Because, to use 2024 to look forward, Italy is a testing ground.

Since the last elections, we had a political government that until the confirmation of the (re)new(ed) President of the European Commission was not aligned with the supposed majority of the European Parliament.

Then, we had a shift during the confirmation process, and suddenly we are getting a slightly different perception of political alignment.

As an American friend said a while ago, and I concurred, President Trump will be unpredictable enough to keep friends and foes alike on their toes, and today an Italian newspaper reported the same concept.

So much for calling lunacy being realistic, when it is just not suffering from the political cognitive dissonance that is spreading as a virus.

Saw first in Turin from 2012, then in Italy overall, and gradually, a bit since the inception of Covid, and more so after the first side-effects of the Russian invasion of Ukraine (energy, potentially raw materials and semiconductors).

Look at the data since 2020: we keep announcing at the European Union level initiatives and associated funding, and then assume a Gosplan attitude, as if a mechanistic structured planning were enough to change reality and "freeze" the context.

We misread the war in Ukraine, and misread the war in Gaza and Lebanon.

The key point is that we are assuming to have more impact that we really have or can have.

Hence, the title "Rocking the EU Ship".

I will write in the next few days a commentary another article within the EP2024 series, but today the aim is more about the transition.

Somebody summarizes 2024, and I agree that frankly summarizing a year in the news is boring- unless you were on the Moon during 2024, and want to know what happened.

But moving forward requires observing choices that did not deliver (the data is there) and choices that set in motion unexpected consequences (ditto).

The key element, and why it makes sense to insert this article within the Citizen Audit series, is simple: if you want to do this exercise, you require few elements
_ visibility on the context
_ expertise on the specific domain
_ data that are relevant, not just that confirm your assumptions.

All the articles in this series are short by design- and this one makes no exception.

For the first point, the context, I suggest that you read the short article that posted yesterday (or the whole series).

Specifically on the EU, I think that no matter what is your specific expertise, the starting point (context) should be the macro-initiatives taken 2019-2024, the proposals for reforms (the French-German, Letta, Draghi reports), and the discussion during the confirmation of the (re)new(ed) European Commission.

If you skip that step that should represent the "common knowledge ground", whatever you derive from your expertise and your selection of data would risk suffering from a long list of biases- starting obviously from the confirmation bias.

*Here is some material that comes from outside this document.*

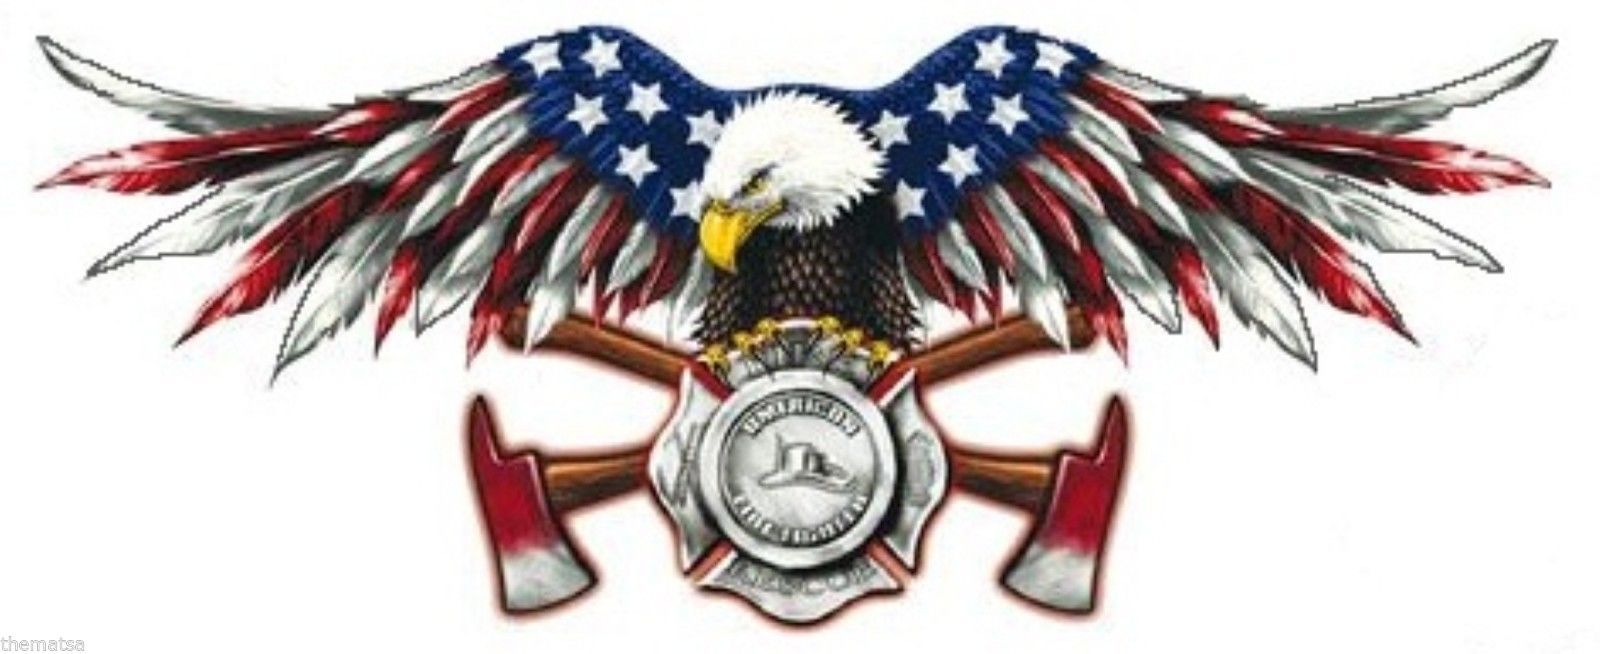 Primary image for AMERICAN FIREFIGHTER FIRE EAGLE HELMET LAPTOP  MADE IN USA  DECAL STICKER

The European Commission gradually became too self-referential to actually really influence reality (or understand it), and while the European Union is still relatively rich, it is increasingly assuming that "helicopter money" is the solution.

2025 is around the corner, and, beside dealing with the side-effects of 2024 events and choices, will be one step closer to reconsidering in 2026 the side-effects of the first large initiative based on shared debt, the Recovery and Resilience Facility.

So, 2025 will probably need a significant "rocking of the EU boat"- but based on rational analysis, not on announces ignoring the real current weight of the European Union.

The European Union and the Euro are experiments in social engineering on a large scale, but need to be supported by a constant re-assessment and tuning.

It is tempting to keep spinning more balls in the air (e.g. new initiatives), but the orchestration of all of them should be based on the specific absorption capability of the organizational structures involved.

Meaning: you can keep launching top-down initiatives from Brussels, but if the execution relies on the operational capabilities of local, regional, and national organizational structures, plus integrated efforts by the private sector across the European Union, piling up is not an opportunity, it is a collective egotrip based on cognitive dissonance.

See you tomorrow for another article- and happy new year!